==== DATASET EXTRACT

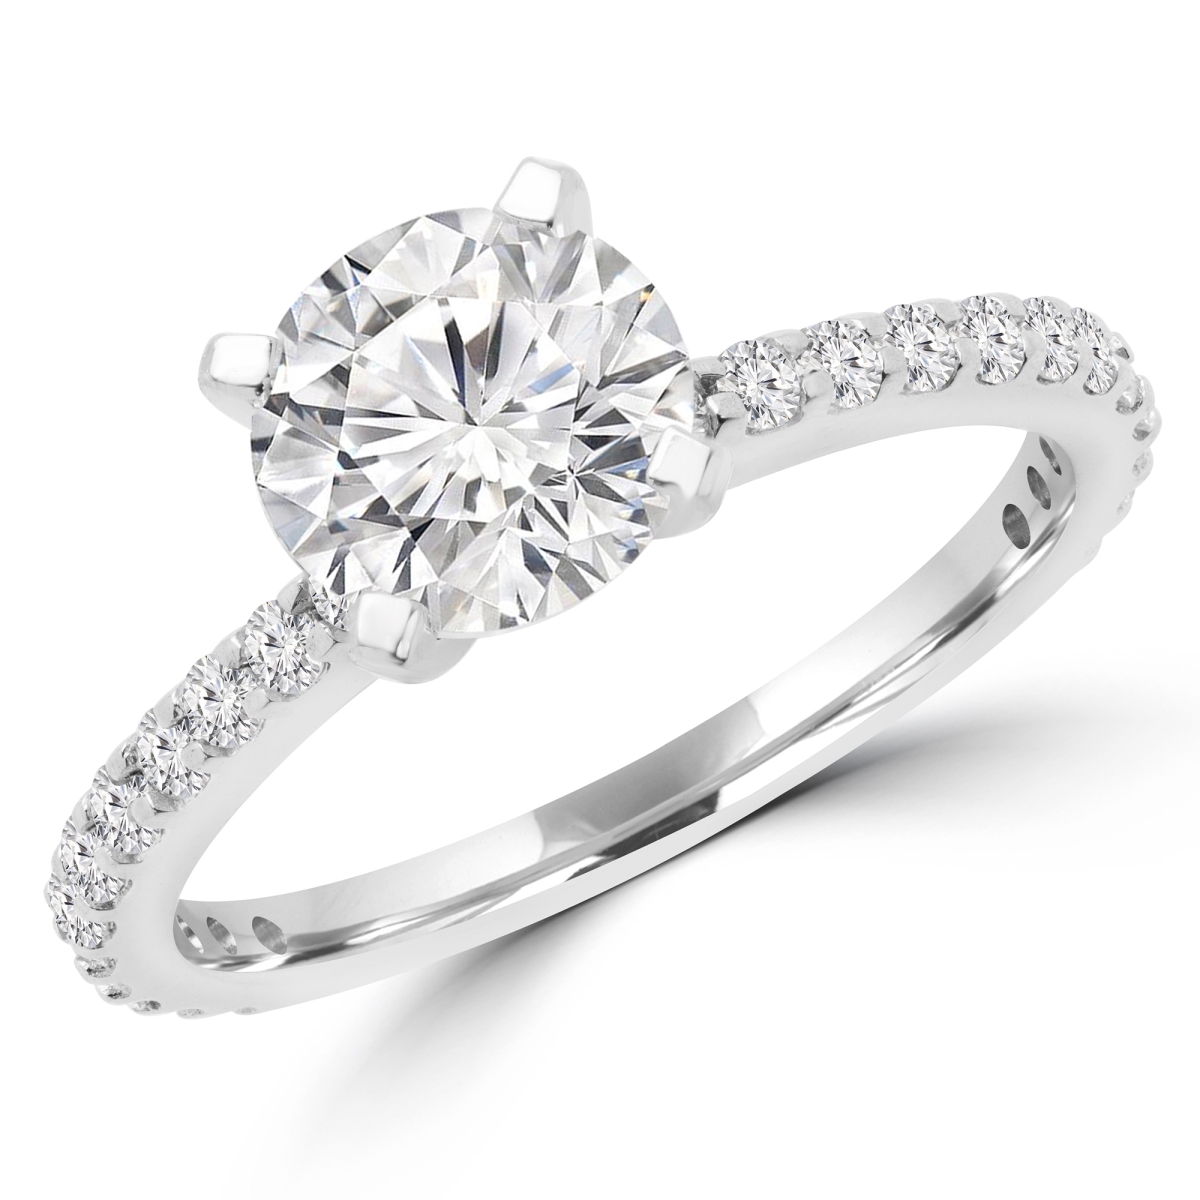 Picture of Majesty Diamonds MD170246-8 0.9 CTW Round Diamond Solitaire with Accents Engagement Ring in 14K White Gold - Size 8
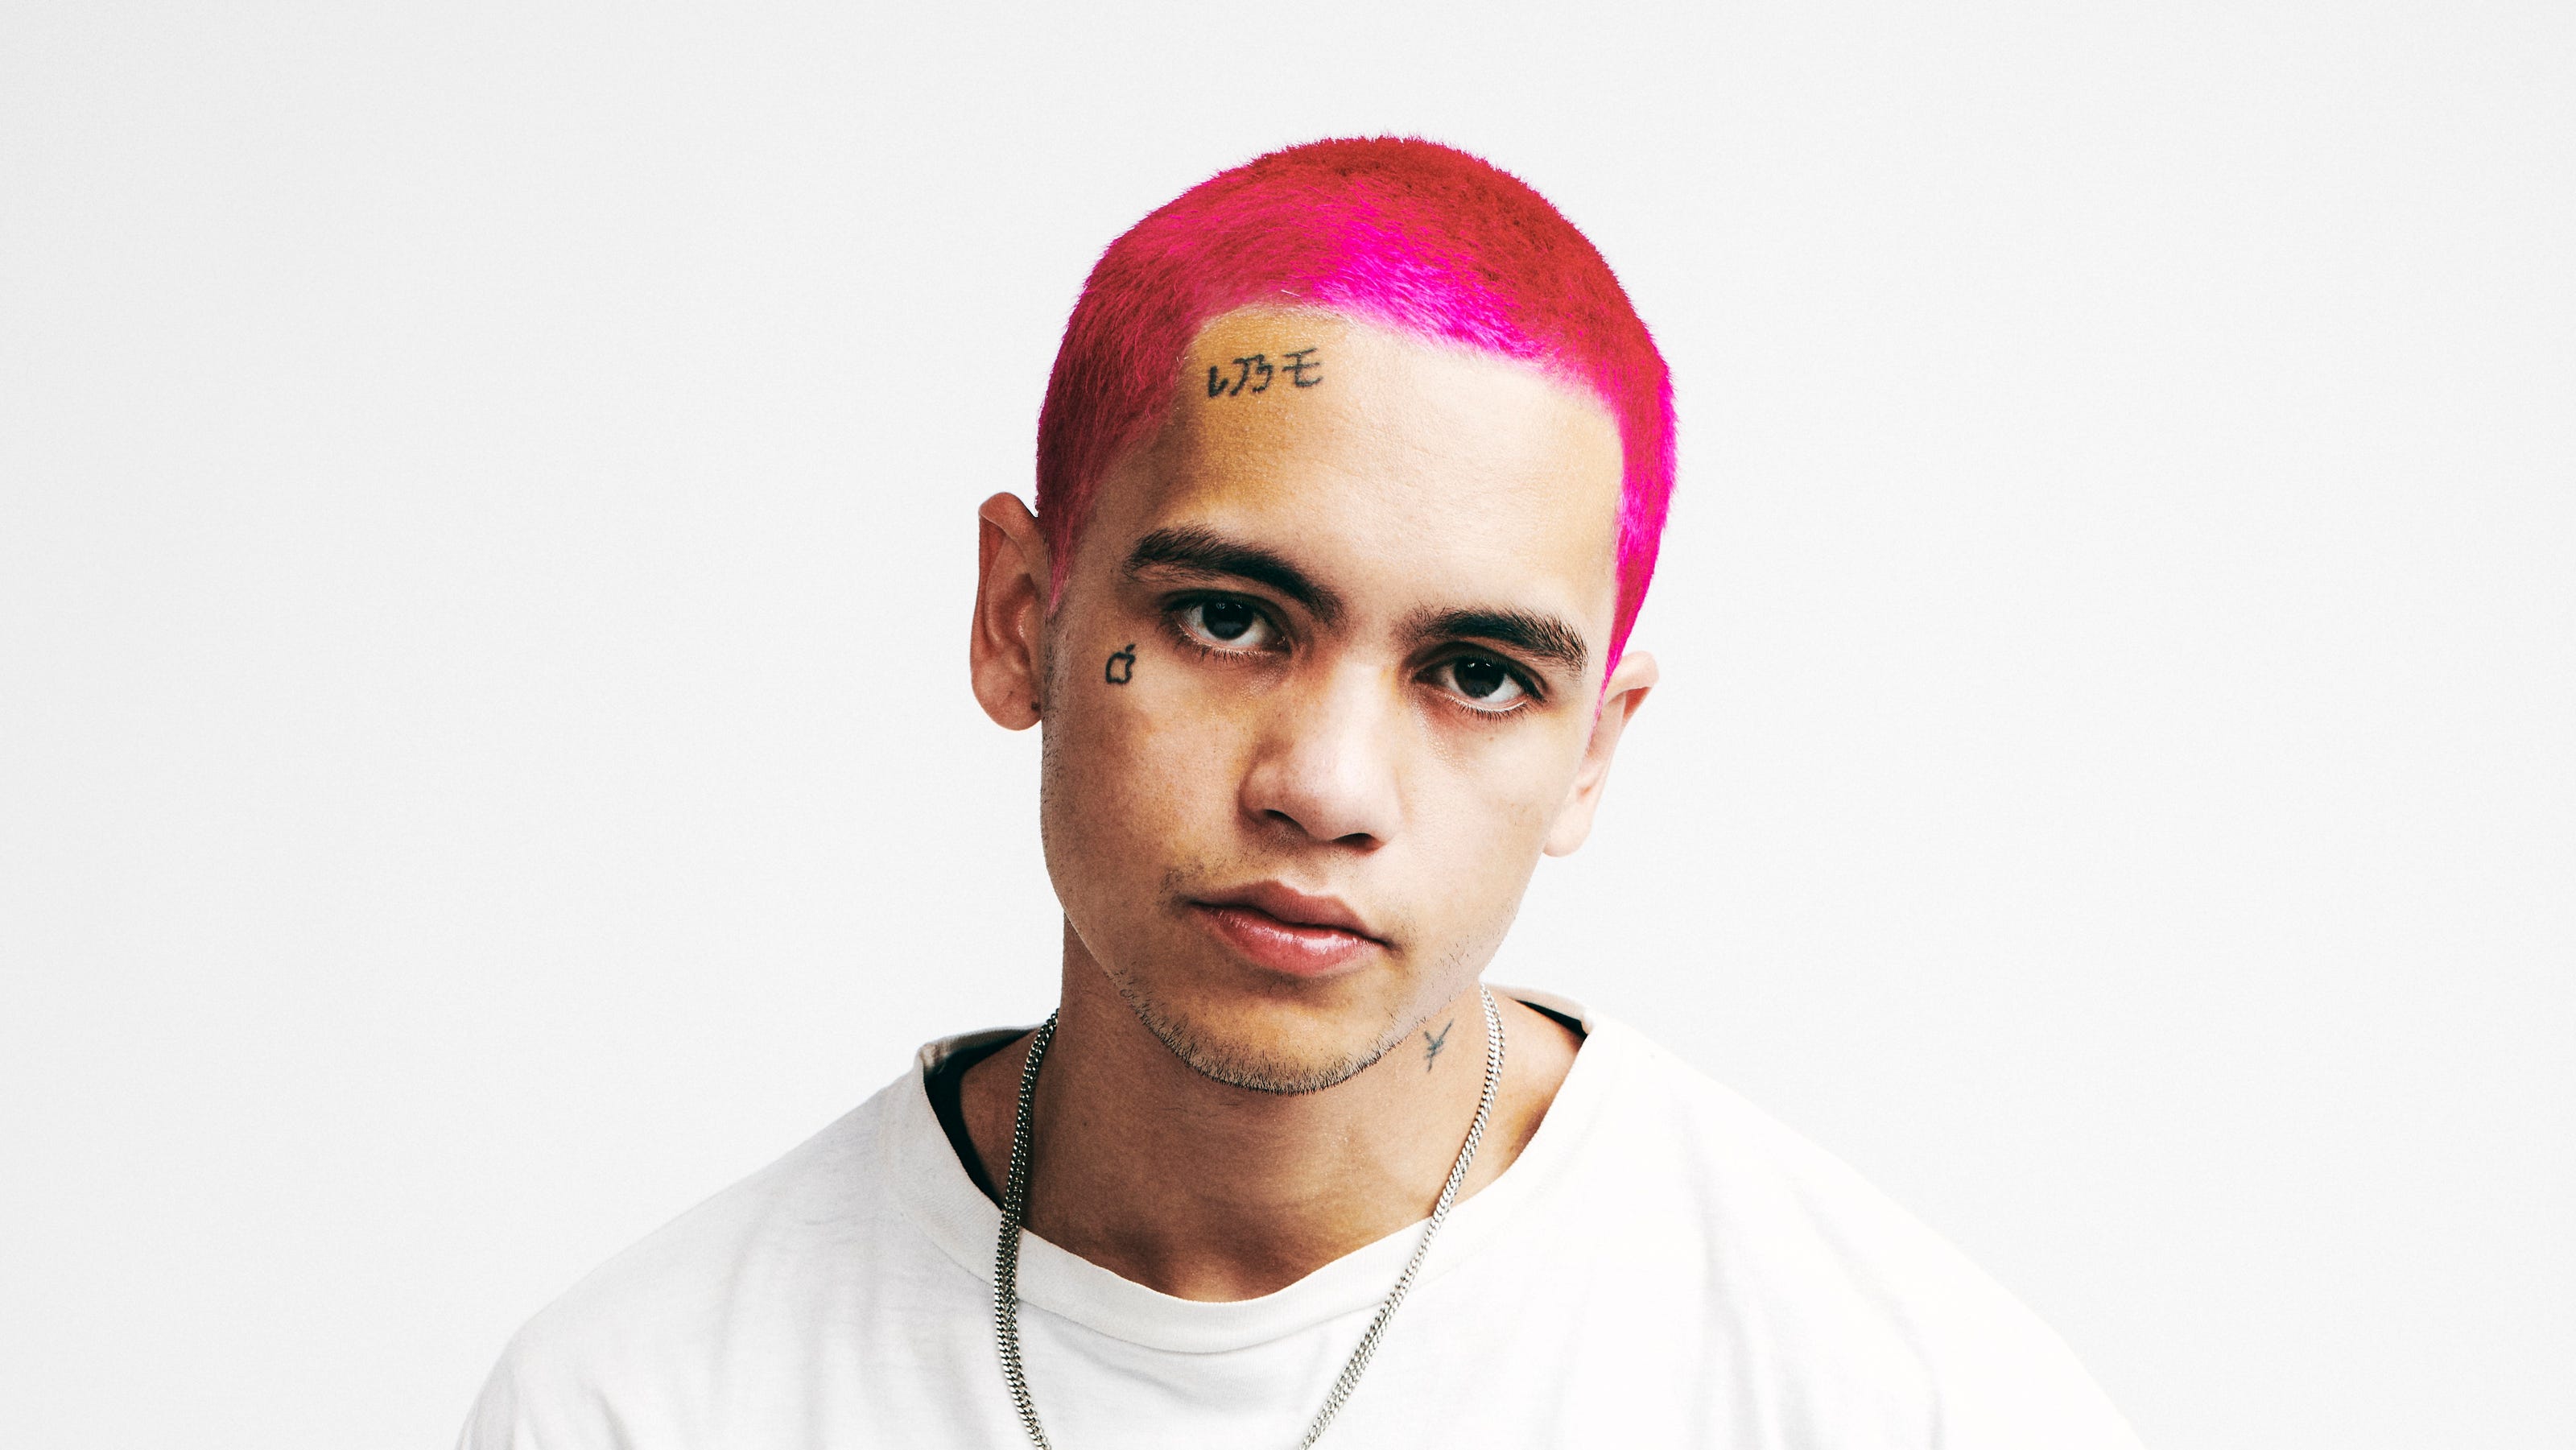 Dominic Fike interview The new album, fame and what's next
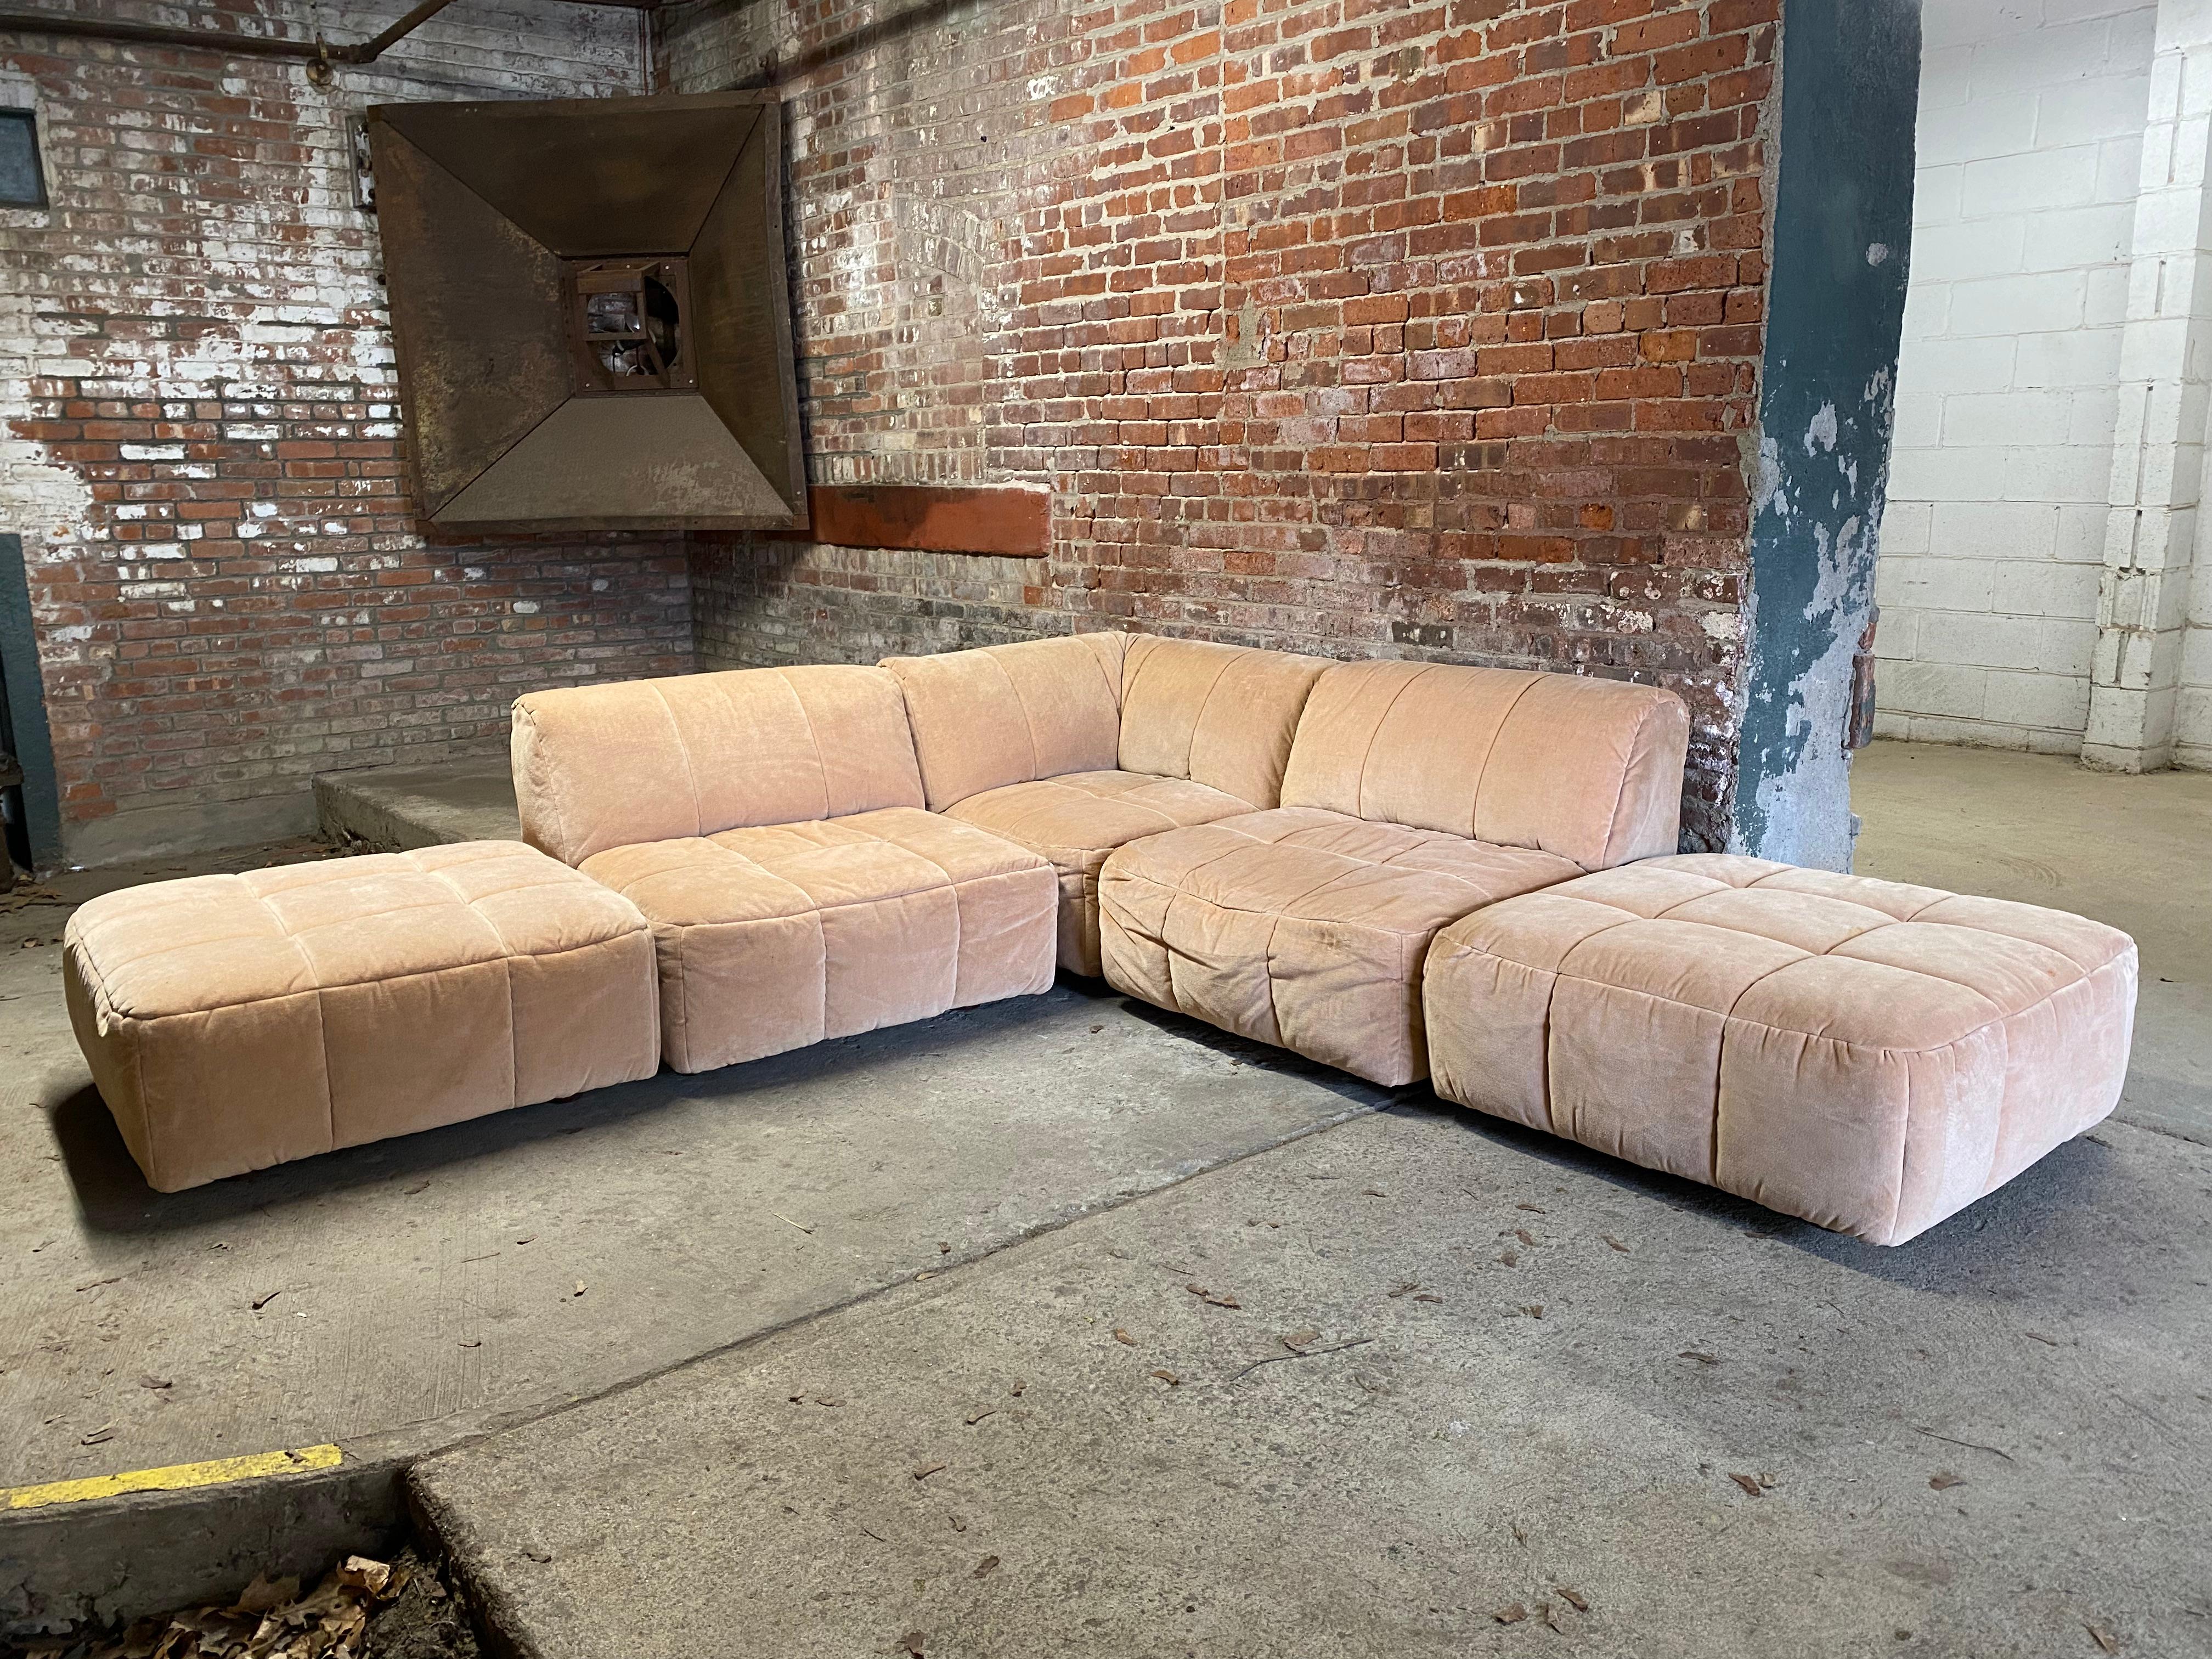 Five piece Pierre Cardin modular sofa. Multiple configurations and very comfortable. The set consists of: 2 ottomans, 2 armless chairs and 1 corner chair. Original velvety peach upholstery. Removable screw in wood feet. Some pieces still retain the

========

YOUR TASK: Starting at the line with "Dominic Fike interview" and stopping at the final line of the material, reproduce each line exactly, both ends included. Leave the pictures out.

EXERCISE OUTPUT:
 Dominic Fike interview The new album, fame and what's next
 Five piece Pierre Cardin modular sofa. Multiple configurations and very comfortable. The set consists of: 2 ottomans, 2 armless chairs and 1 corner chair. Original velvety peach upholstery. Removable screw in wood feet. Some pieces still retain the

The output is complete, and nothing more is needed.